Bills seeks U.S. House members to live in own districts

Politics • State lawmaker wants to go beyond constitutional requirements.
This is an archived article that was published on sltrib.com in 2012, and information in the article may be outdated. It is provided only for personal research purposes and may not be reprinted.

Seven current Utah congressional candidates are running for districts where they do not live, prompting Rep. Paul Ray, R-Clearfield, to try to stop that growing practice.

"They should have to run in their own districts, just like every other type of candidate. I'm tired of Congress playing by different rules.... They are just shopping for a district," he said. So he introduced HB439 in the Legislature to require them to live in their districts.

So far the bill has only a title with no text, in part because Ray cannot yet figure how to get around a problem: the U.S. Constitution.

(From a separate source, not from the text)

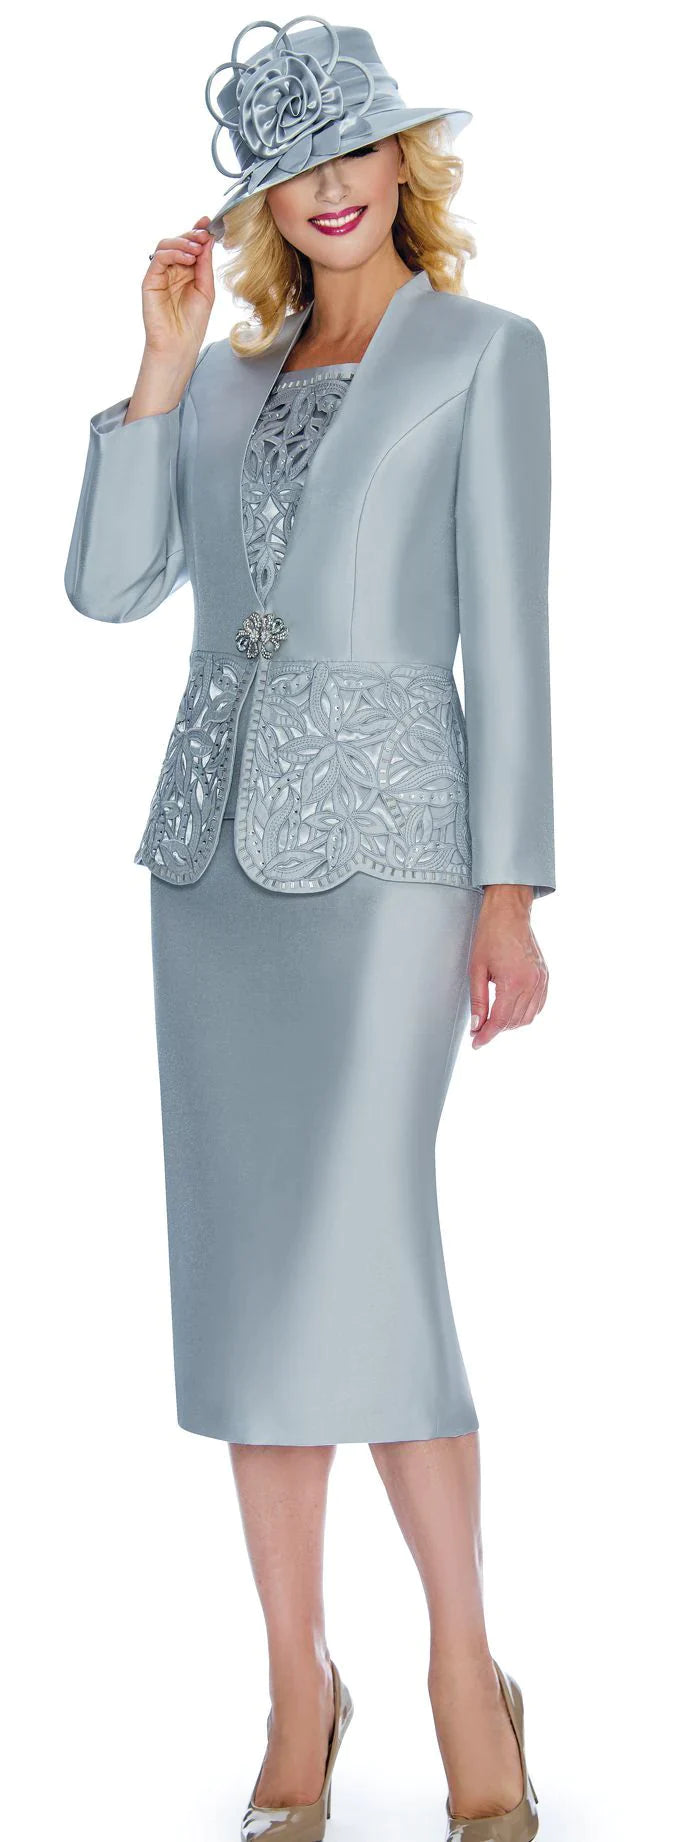 Giovanna Church Suit G1088-Silver - Church Suits For Less

It requires only that U.S. House members merely "inhabit" the states they represent, not their specific district. That allowed Rep. Jason Chaffetz, R-Utah, for example, to be elected twice to Utah's 3rd Congressional District, even though he lives a few miles outside of it.

Maryland once tried to require its representatives to live in their districts — which led to contesting the election of Rep. William McCreery, who served from 1803 to 1809. He was elected by a Baltimore district — where he had lived for years — but moved to a rural area just before the election.

The House seated him anyway, ruling that a state law cannot trump the Constitution.

"We're looking at whether the Constitution just sets a minimum, and whether a state can go beyond that," Ray said. "I don't think it's too much to ask someone to live with the people they represent."

While seven Utah congressional candidates are running outside their home districts now, that practice is rare historically. The Tribune and congressional researchers found only three instances — including Chaffetz and McCreery — of House members serving in districts where they clearly did not live. It could be imprecise because no comprehensive academic research on the topic could be located.

Among those running outside their own district is Rep. Jim Matheson, D-Utah, who is a candidate in the new 4th Congressional District instead of his home 2nd Congressional District. He says Republicans gerrymandered districts so it would be difficult for a Democrat to win in any of them, but said the 4th is a bit less tough than the 2nd.